* What needs to be done *
Please transcribe the data exactly as shown, skipping the images.

* Given information *
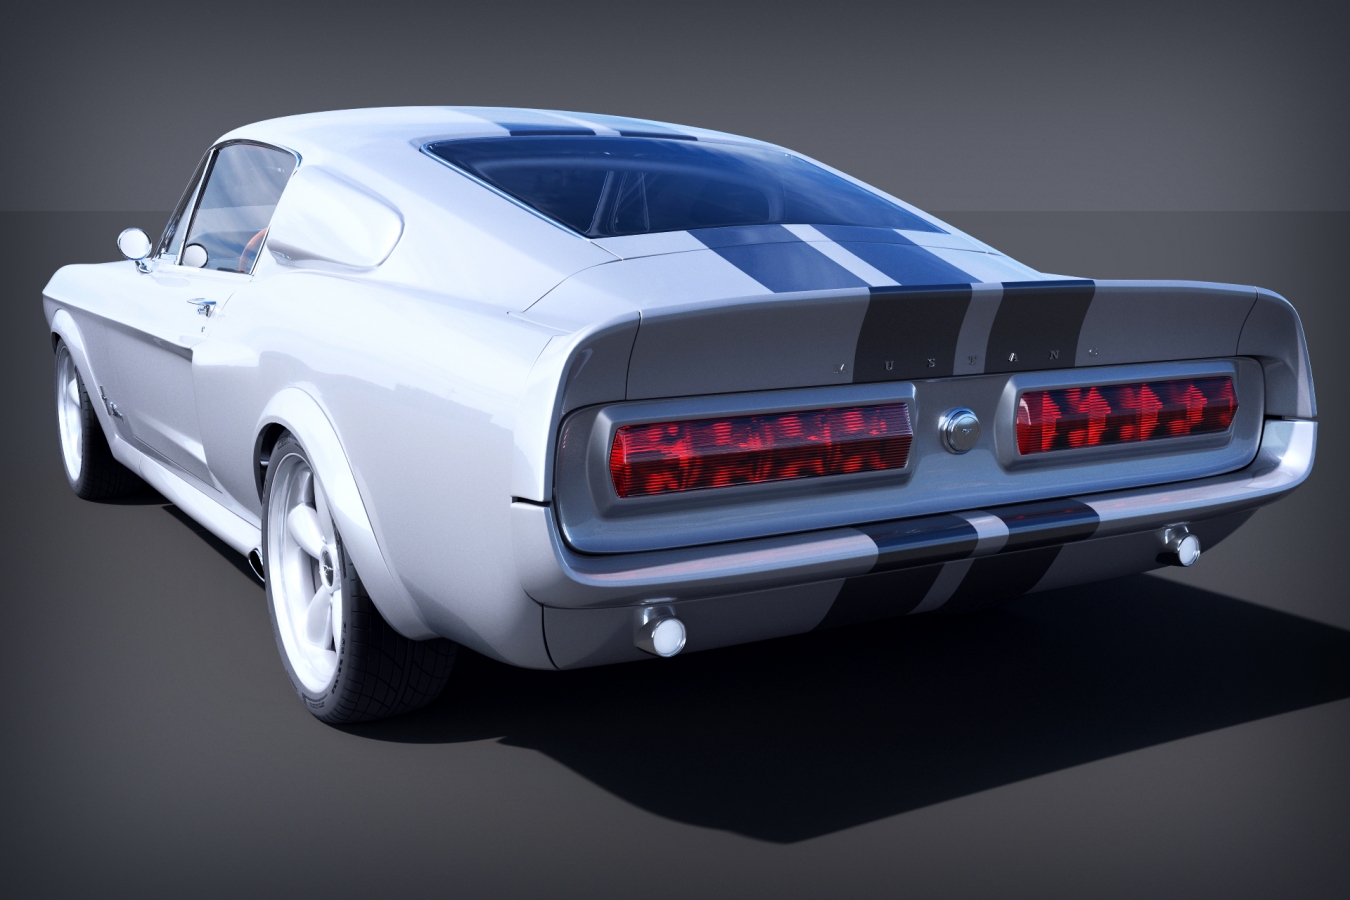 Ford-Mustang-Gt500-Eleanor-view01-View03.jpg
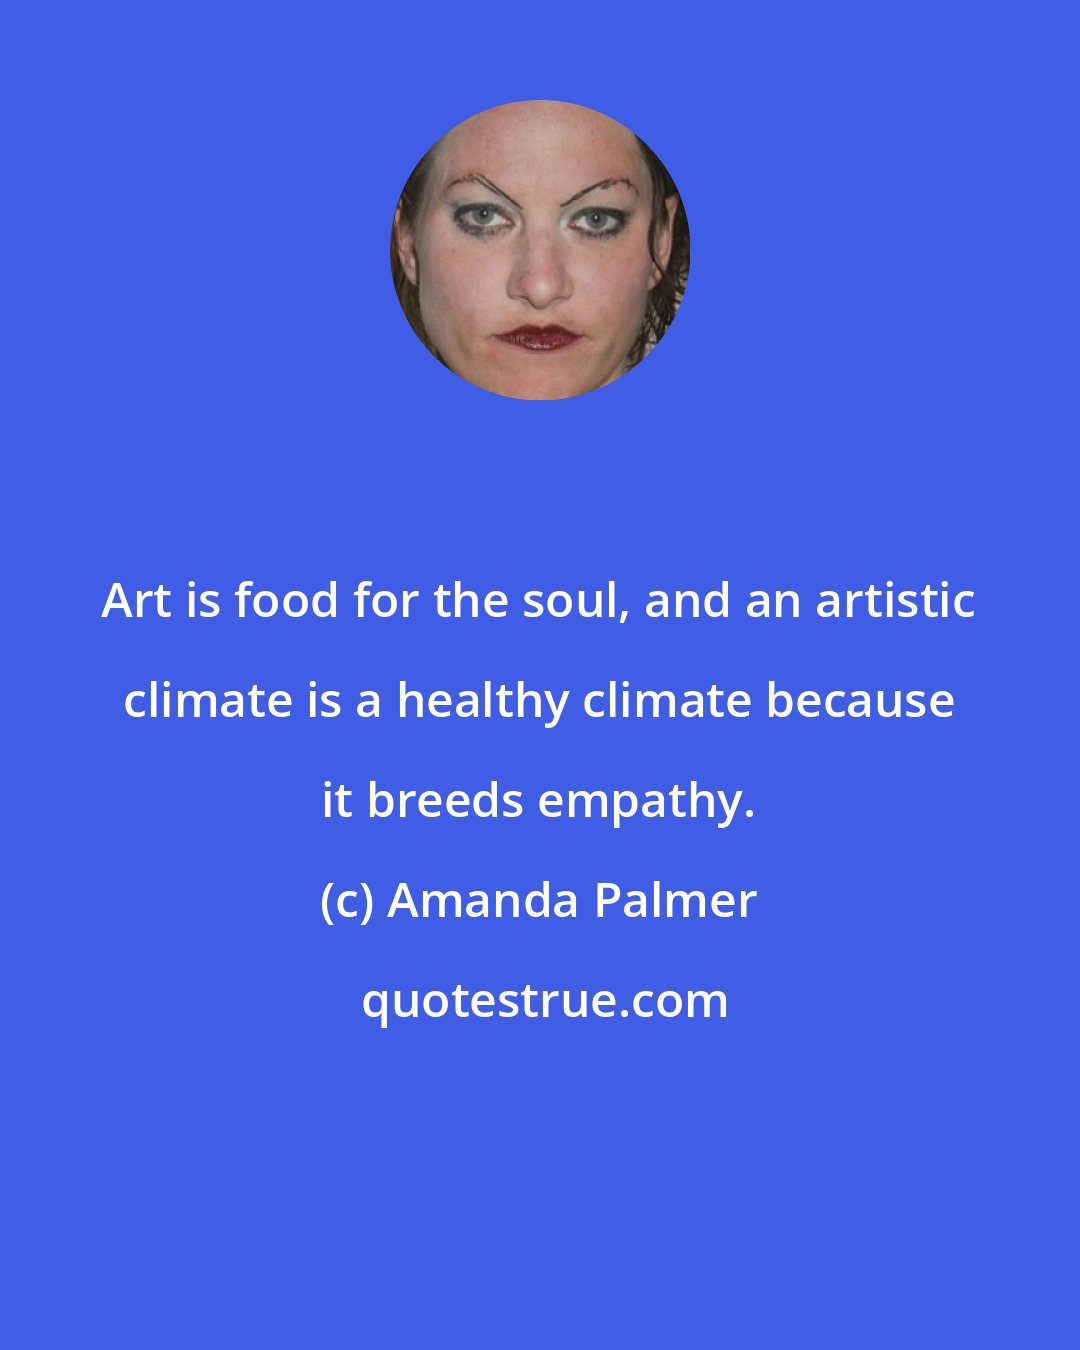 Amanda Palmer: Art is food for the soul, and an artistic climate is a healthy climate because it breeds empathy.
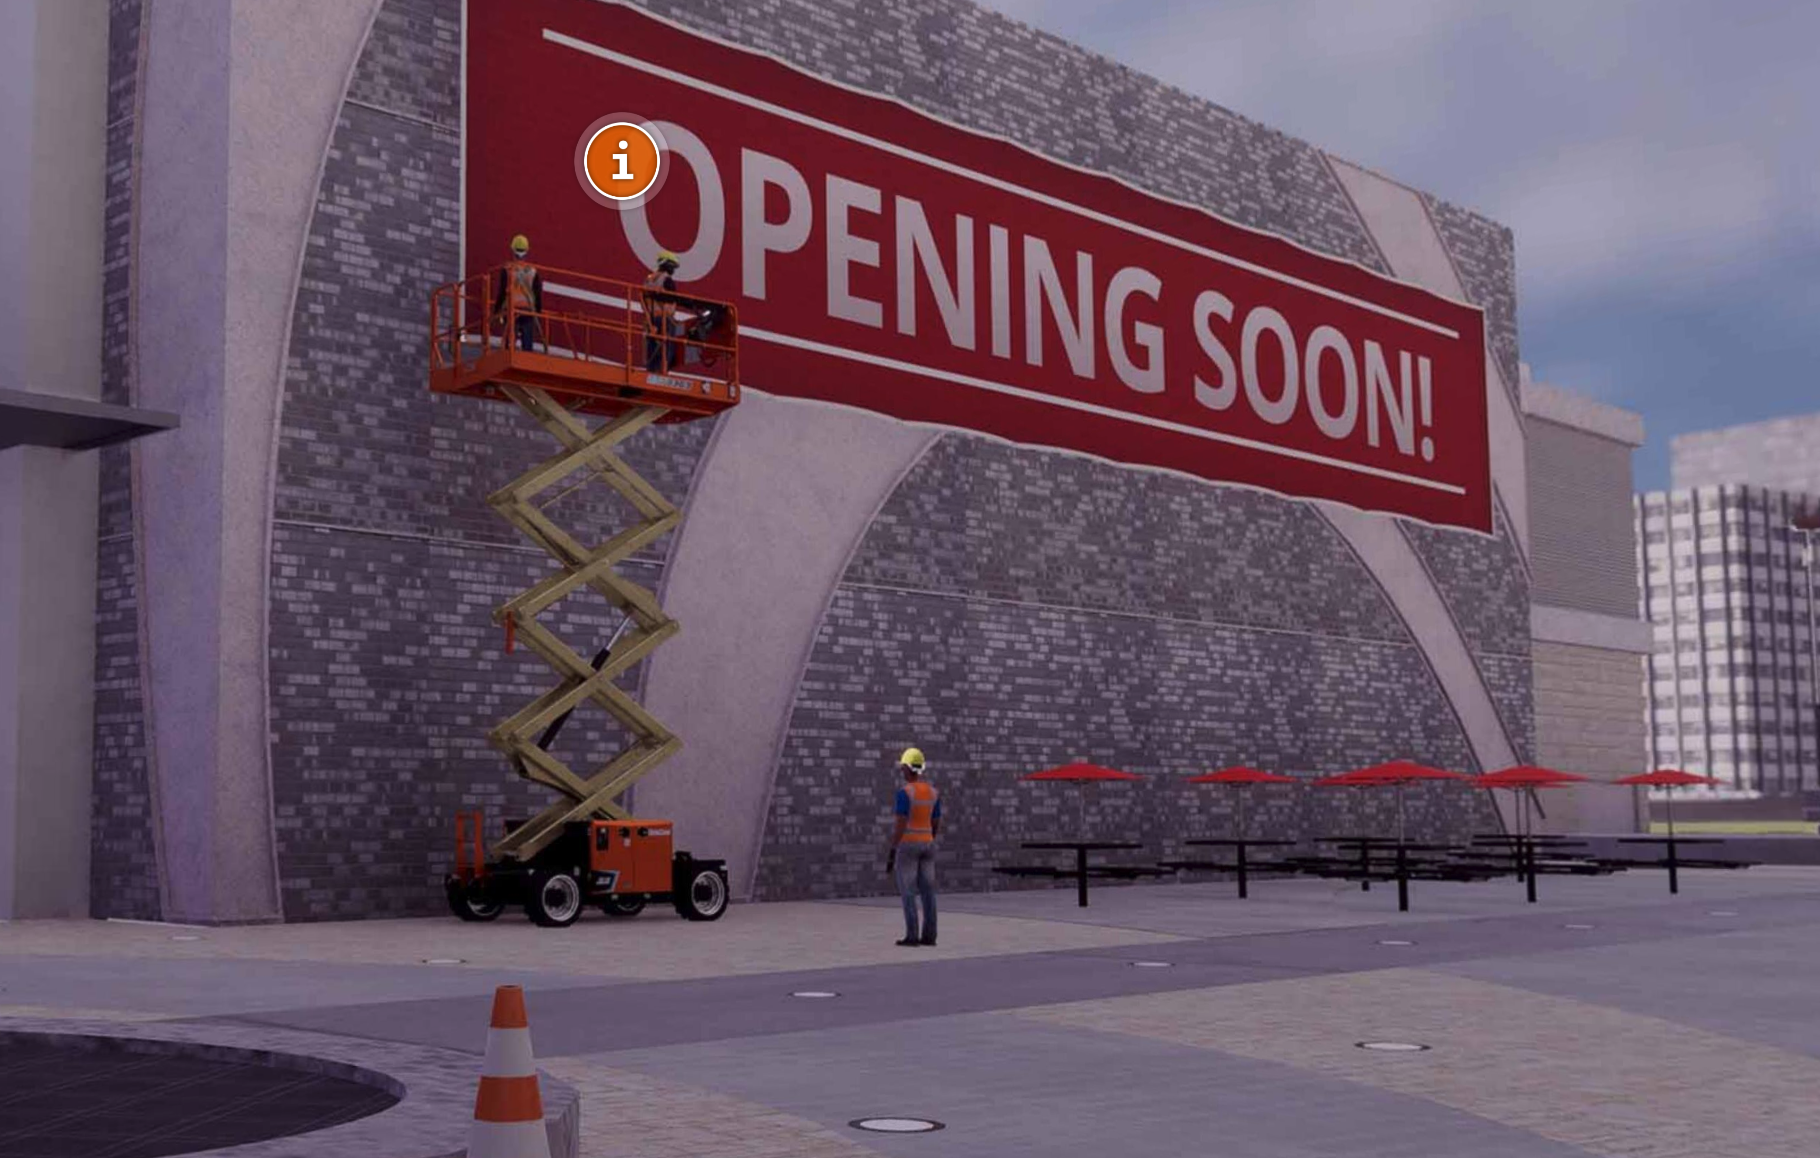 JLG Access Your World Job Site 4_outdoor retail image

* Result of this task *
 Ford-Mustang-Gt500-Eleanor-view01-View03.jpg
 Amanda Palmer: Art is food for the soul, and an artistic climate is a healthy climate because it breeds empathy.
 JLG Access Your World Job Site 4_outdoor retail image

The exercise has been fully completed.